BACKGROUND with AND PURPOSE: Cerebral autosomal dominant arteriopathy with subcortical infarcts and leukoencephalopathy (CADASIL) is a cerebral small vessel disease caused by the mutations in the NOTCH3 gene. MRI is sensitive in detecting preclinical involvement and changes over time. However, little is known Moreover, about correlations between MRI metrics and clinical measures on a longitudinal scale. In this study, we assessed the role of with quantitative MRI (T2-lesion volume and diffusion tensor imaging [DTI]-derived metrics) in monitoring and predicting disease progression. METHODS: Sixty-two CADASIL subjects trial were followed prospectively over a period of 26.3+/-1.2 months. Dual-echo scans, DTI scans, and clinical scales were obtained at baseline diagnosis and at follow-up. T2-lesion volumes were determined quantitatively, and histograms of mean diffusivity (MD) were produced. RESULTS: At follow-up, T2-lesion BACKGROUND volumes and MD histogram metrics had changed significantly (all P< .01). Lesion volumes and average MD correlated with clinical scores at clinical baseline. Changes of average MD correlated with changes of the Rankin score, the National Institutes of Health Stroke Scale score,in and the structured interview for the diagnosis of Alzheimer dementia and multiinfarct dementia score (all P< .01). On multivariate analysis, average followed MD and systolic blood pressure at baseline were predictors of changes of average MD during follow-up. Moreover, average MD was at the main predictor of clinical progression. Sample size estimates showed that the number of individuals required to detect a treatment about effect in an interventional trial may be reduced when using MD histograms as an end point. CONCLUSIONS: This study establishes detect correlations between changes of DTI histogram metrics and clinical measures over time. DTI histograms may be used as an adjunct over outcome measure in future therapeutic trials. Moreover, DTI histogram metrics predict disease progression in CADASIL.
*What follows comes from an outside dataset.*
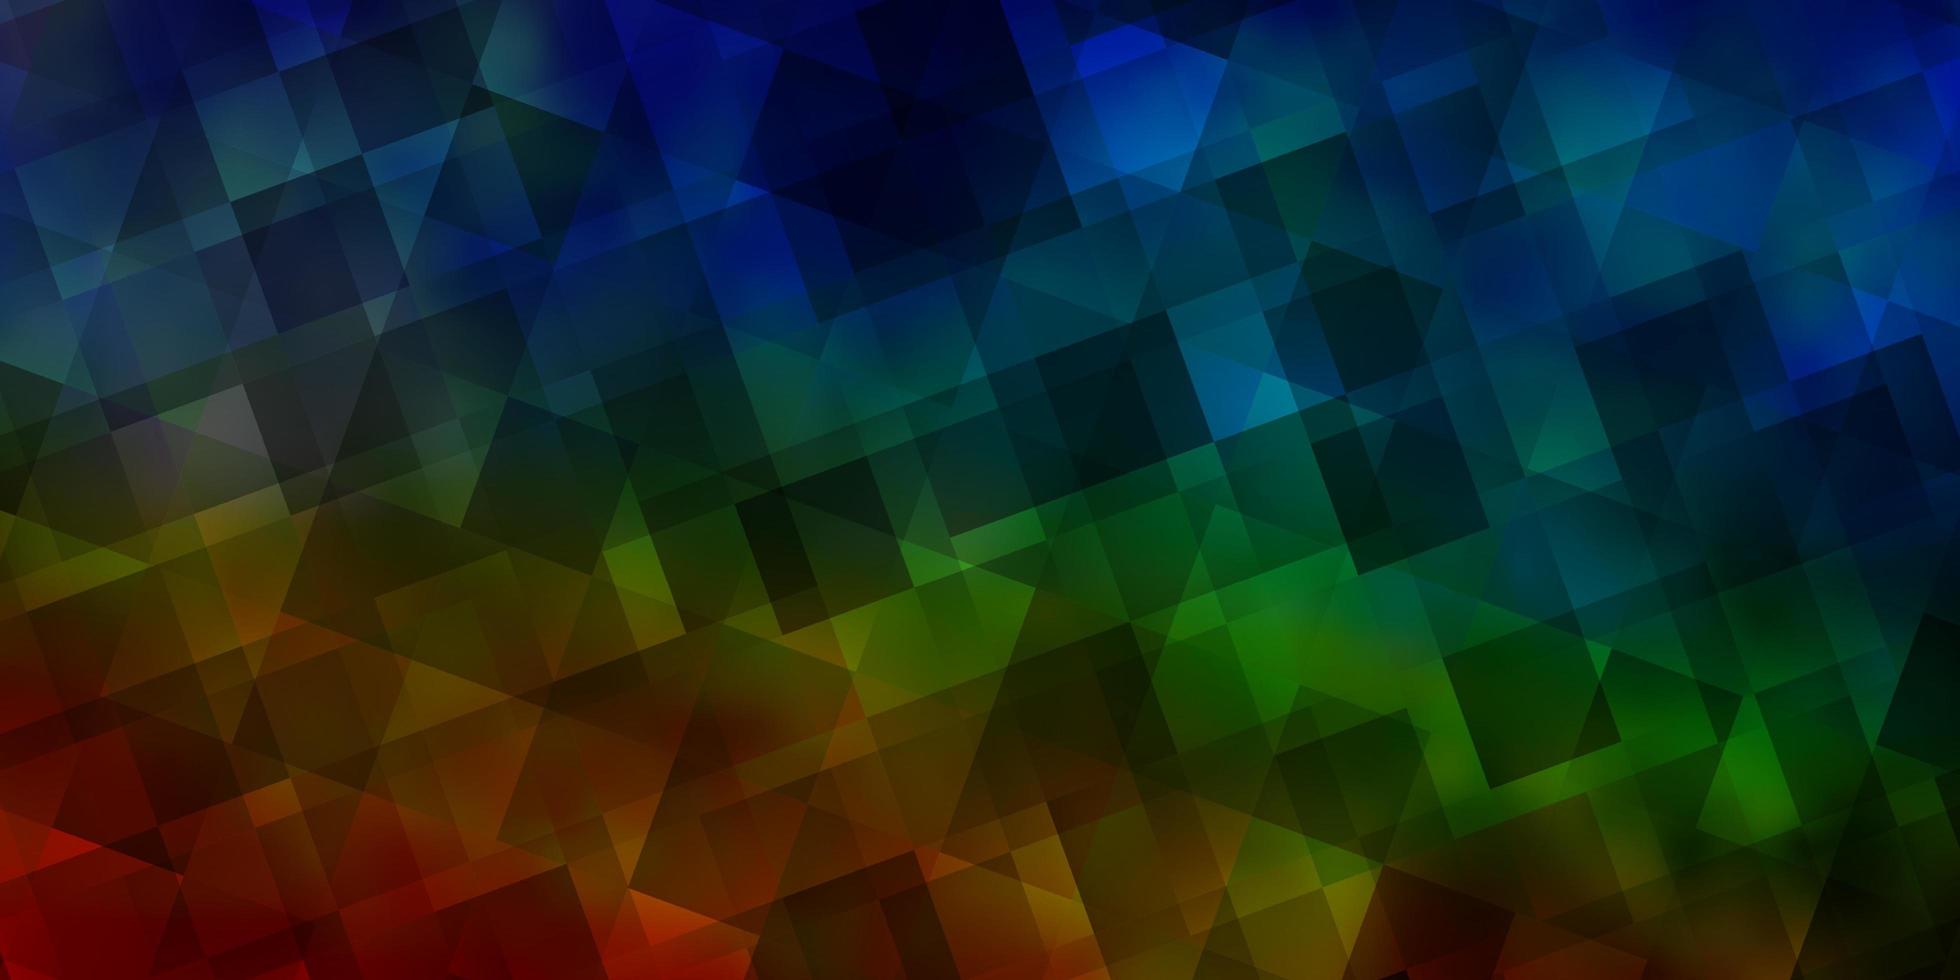 sfondo vettoriale multicolore chiaro con stile poligonale.

OBJECTIVE:(Stroop Subcortical ischemic vascular lesions, which are closely related to small vessel disease, are a common substrate of cognitive impairment and dominant dementia. Cerebral autosomal dominant arteriopathy with subcortical infarcts and leukoencephalopathy (CADASIL) is a monogenic variant of small vessel disease resulting with from mutations in NOTCH3. Mutation carriers almost invariably develop cognitive deficits and eventually dementia. The current study describes the profile closely of cognitive abnormalities in CADASIL subjects. METHOD: A cross-sectional study of 65 mutation carriers (mean age=47.3 years, SD=10.5) and 30 performance matched comparison subjects (mean age=47.2 years, SD=14. ) was conducted. Participants underwent a series of assessments that included ratings of global further cognition, the cognitive portion of the Vascular Dementia Assessment Scale, and specific tests of executive function and attention with measures OBJECTIVE: of processing speed and error monitoring. RESULTS: CADASIL subjects had pronounced impairments of the timed measures (Stroop II and III,develop Trail Making Test, symbol digit, digit cancellation). Measures of error monitoring (Stroop III, Trail Making Test, symbol digit, maze task)vascular were also significantly affected but to a lesser extent. Prominent deficits further included verbal fluency and ideational praxis. Recall, orientation,age=47.2 and receptive language skills were largely preserved. Subgroup analyses indicated a similar profile in subjects with early and advanced impairment digit, of global cognitive performance. CONCLUSIONS: The findings highlight processing speed as the most substantial area of cognitive impairment in CADASIL mutations subjects, with less pronounced yet significant deficits in other aspects of executive performance and attention. This profile of cognitive impairment yet is present at an early stage and enables the construction of targeted test batteries for clinical trials. It is hypothesized is that the profile of dysfunction described here represents the core of the cognitive syndrome associated with small vessel disease and deficits subcortical ischemic vascular lesions.